Lung edema caused by exhausted exercise was determined by the lung water percent content. In the exhausted-exercise group, the lung water percent content increased, which was counteracted by YPF treatment (Figure 2A). In addition, the protein level in BALF was used to evaluate alveolar-capillary membrane permeability. Exhausted exercise distinctly increased protein concentration in rat BALF, which was inhibited by YPF treatment (Figure 2B).

FIGURE 2

YPF attenuates lung edema and the morphological alteration induced by exhausted exercise. (A) Lung water percent content in different groups. (B) BALF protein concentration in different groups. (C) Representative H&E staining images of rat lung microvessels, alveolar space, and alveolar septum. (D) Representative H&E staining images of rat terminal bronchioles. (a1, b1) Sham group; (a2, b2) sham + YPF group; (a3, b3) exhausted-exercise group; and (a4, b4) exhausted-exercise + YPF group. Upper scale bar = 100 μM, the amplified multiple is 100×; lower scale bar = 25 μM, the amplified multiple is 400×. The arrow indicates perivascular edema. (E) Perivascular edema index. (F) Quantitative data for alveolar septal thickness. (G) Quantitative data for the alveolar area. Results are presented as means ± SEM (n = 8 in A and B, and n = 4 in E–G. * p < 0.05 vs. sham; #p < 0.05 vs. exhausted-exercise.

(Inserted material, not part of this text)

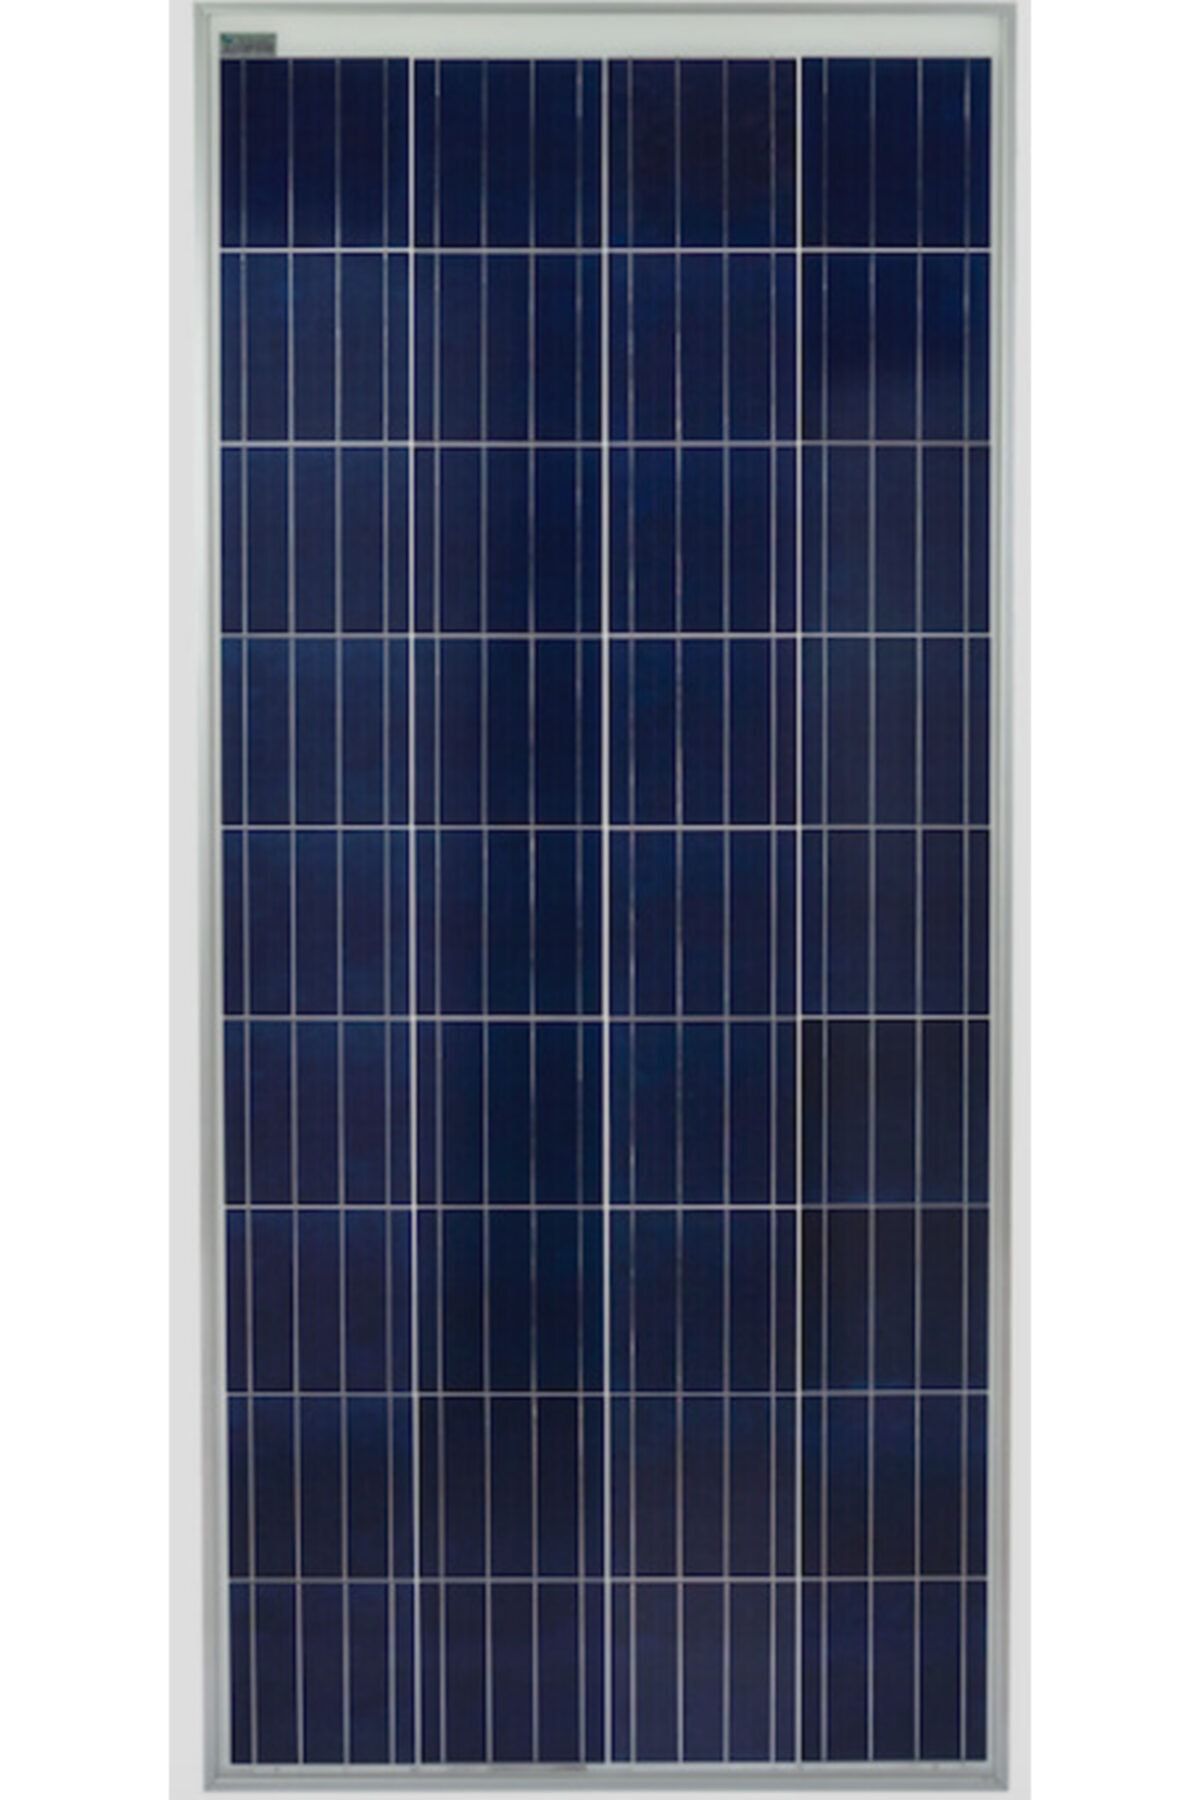 Gesper Enerji Polikristal Güneş Paneli Gesper 170-175 Watt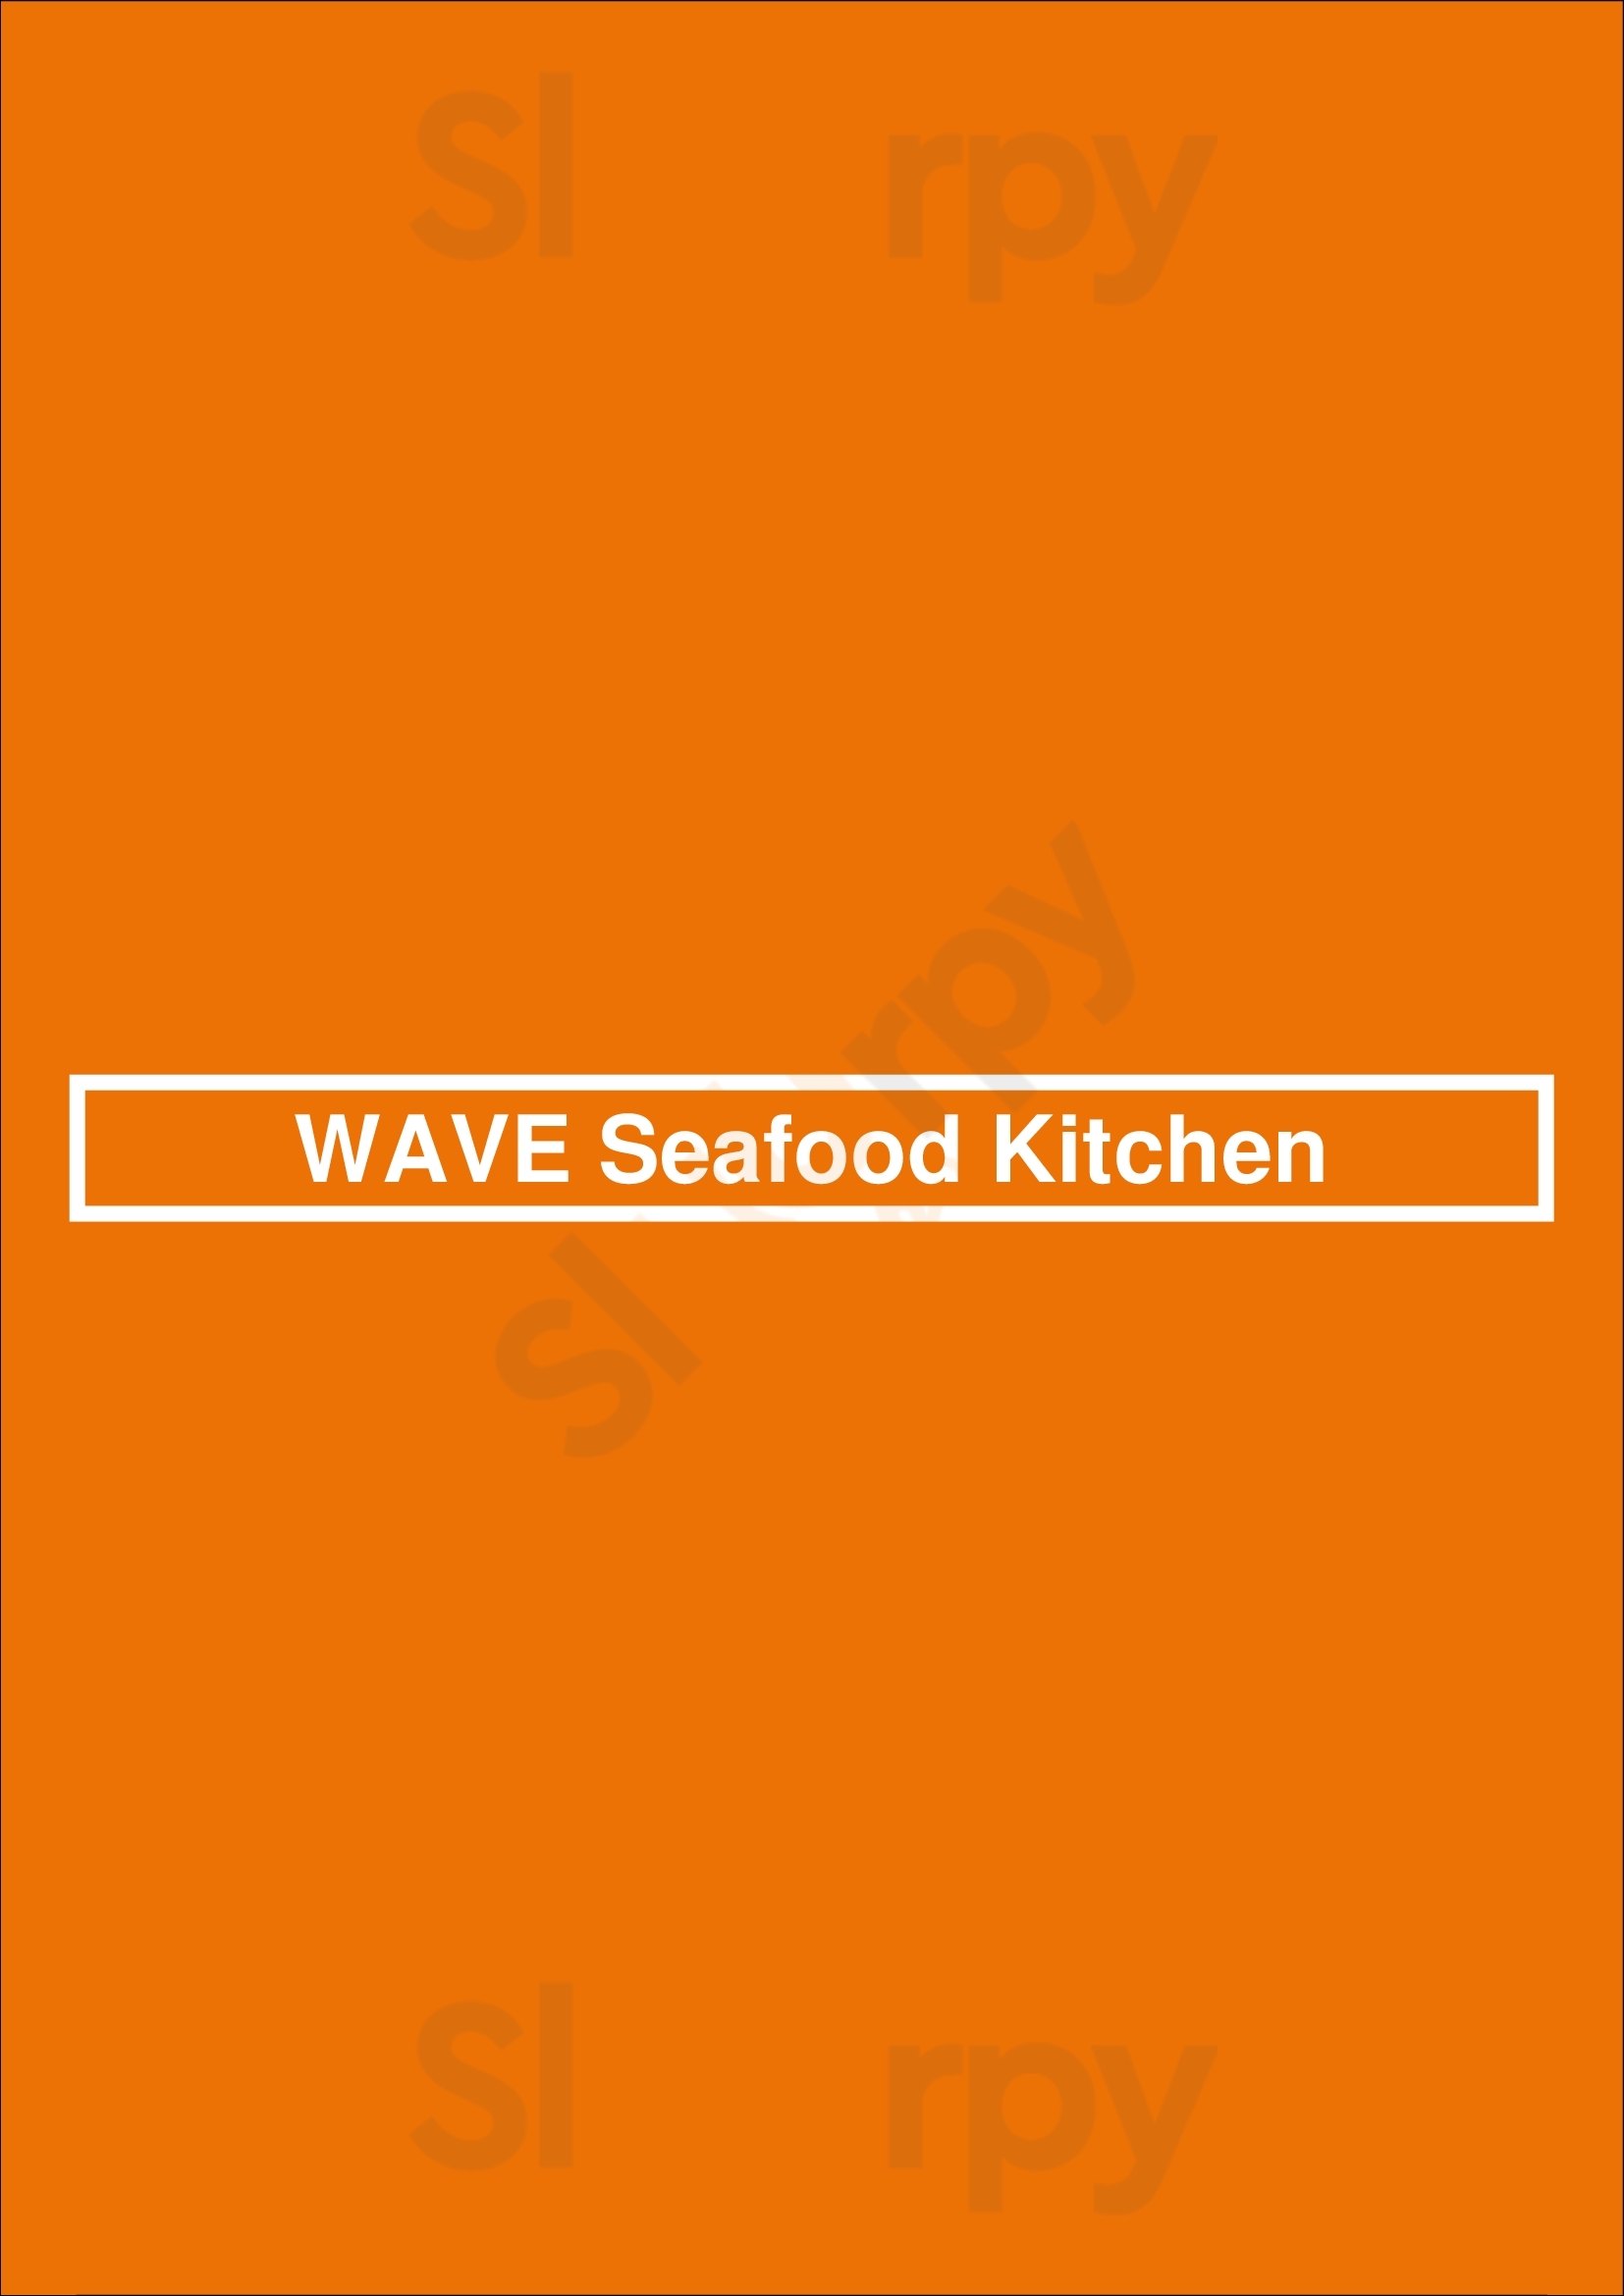 Wave Seafood Kitchen Port Jefferson Menu - 1

Exhausted exercise led to apparent alterations in lung histology, manifesting the thickening of the alveolar septa, congestion of the alveolar space, abnormal arrangement of the trachea epithelium, and perivascular edema (Figures 2C,D, a3,b3), which were alleviated by treatment with YPF obviously (Figures 2C,D, a4,b4). The statistical results of H&E images shown in Figures 2E–G confirmed the results from the survey.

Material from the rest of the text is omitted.